Well phoebe has now been with us a month and I honestly can't imagine life without her ! 
Funny how that happens isn't it.
She's turned our life upside down..and definitely made herself one of the family.
I've added some pictures, she's growing so fast!


----------



## BennyTheBear (Sep 26, 2017)

She has such a sweet little face!


----------



## yvy616 (Jan 8, 2018)

Adorable! Do you have pictures now? I'm in the research stage and trying to decide between coat types but your's seems perfect!


----------



## Gaynor59 (Mar 27, 2017)

yvy616 said:


> Adorable! Do you have pictures now? I'm in the research stage and trying to decide between coat types but your's seems perfect!

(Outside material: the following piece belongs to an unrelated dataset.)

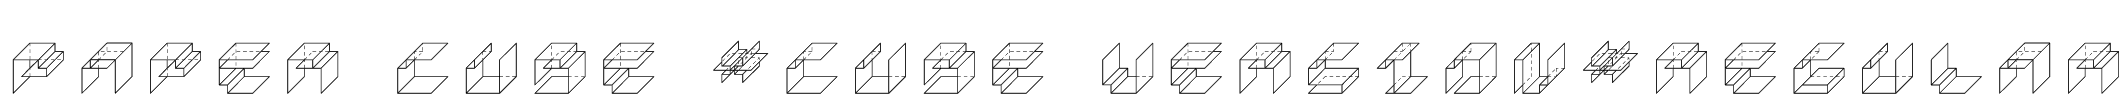 Paper Cube *cube version*Regular Font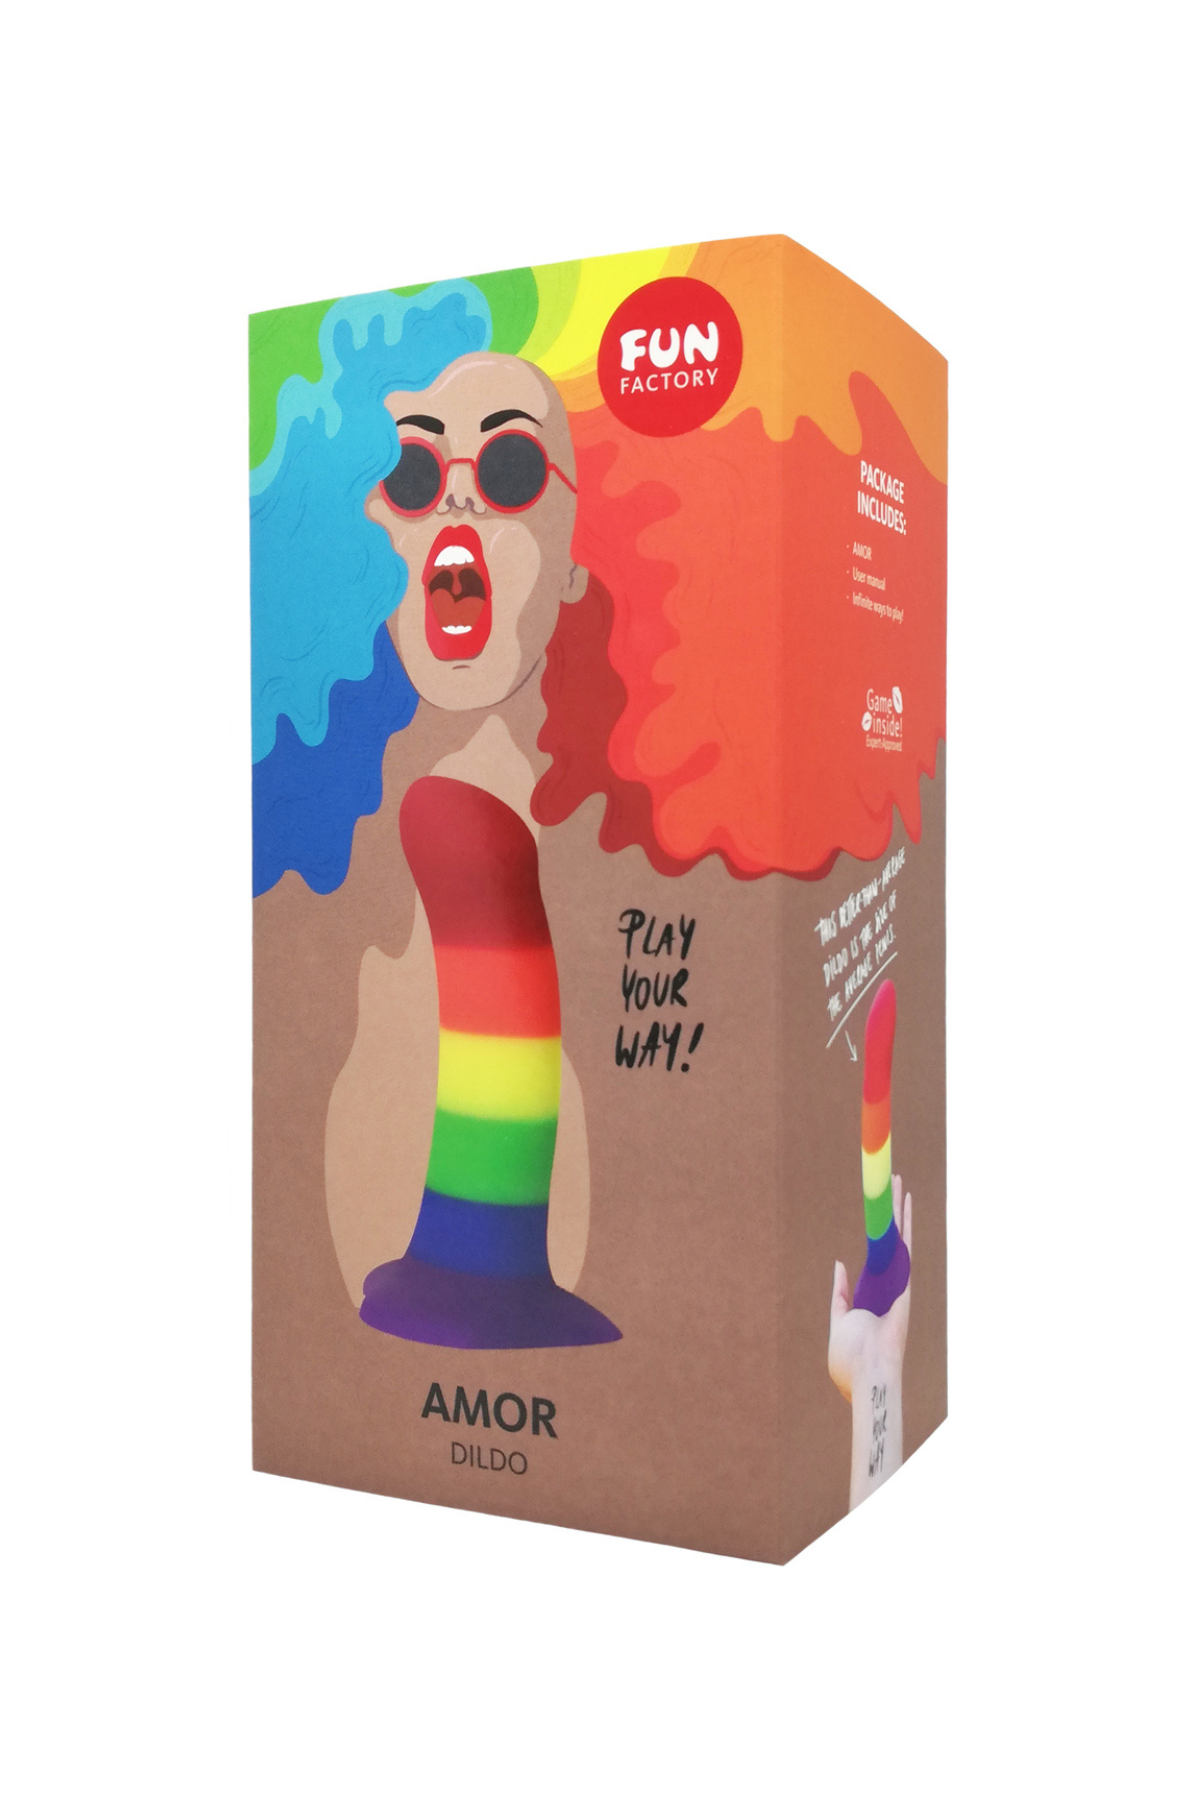 Amor Pride Stub Dildo Fun Factory Box

This is Louis. Whichever type you choose will be a good one they are amazing dogs










Sent from my iPad using Tapatalk


----------



## Oliverpoo (Mar 7, 2018)

What a sweetie! Can you post a recent picture? Her coat looks almost like my Auggie boys. Curious to see how she looks now : )


----------



## Becca46 (Aug 29, 2017)

Sorry haven't been on here in forever !
Phoebe has changed so much in the months since !! 
Will add a photo now x


----------



## Lilly_Kelley (Jun 17, 2018)

She’s gorgeous. They’re such cute pups but stay so cute as they get older


----------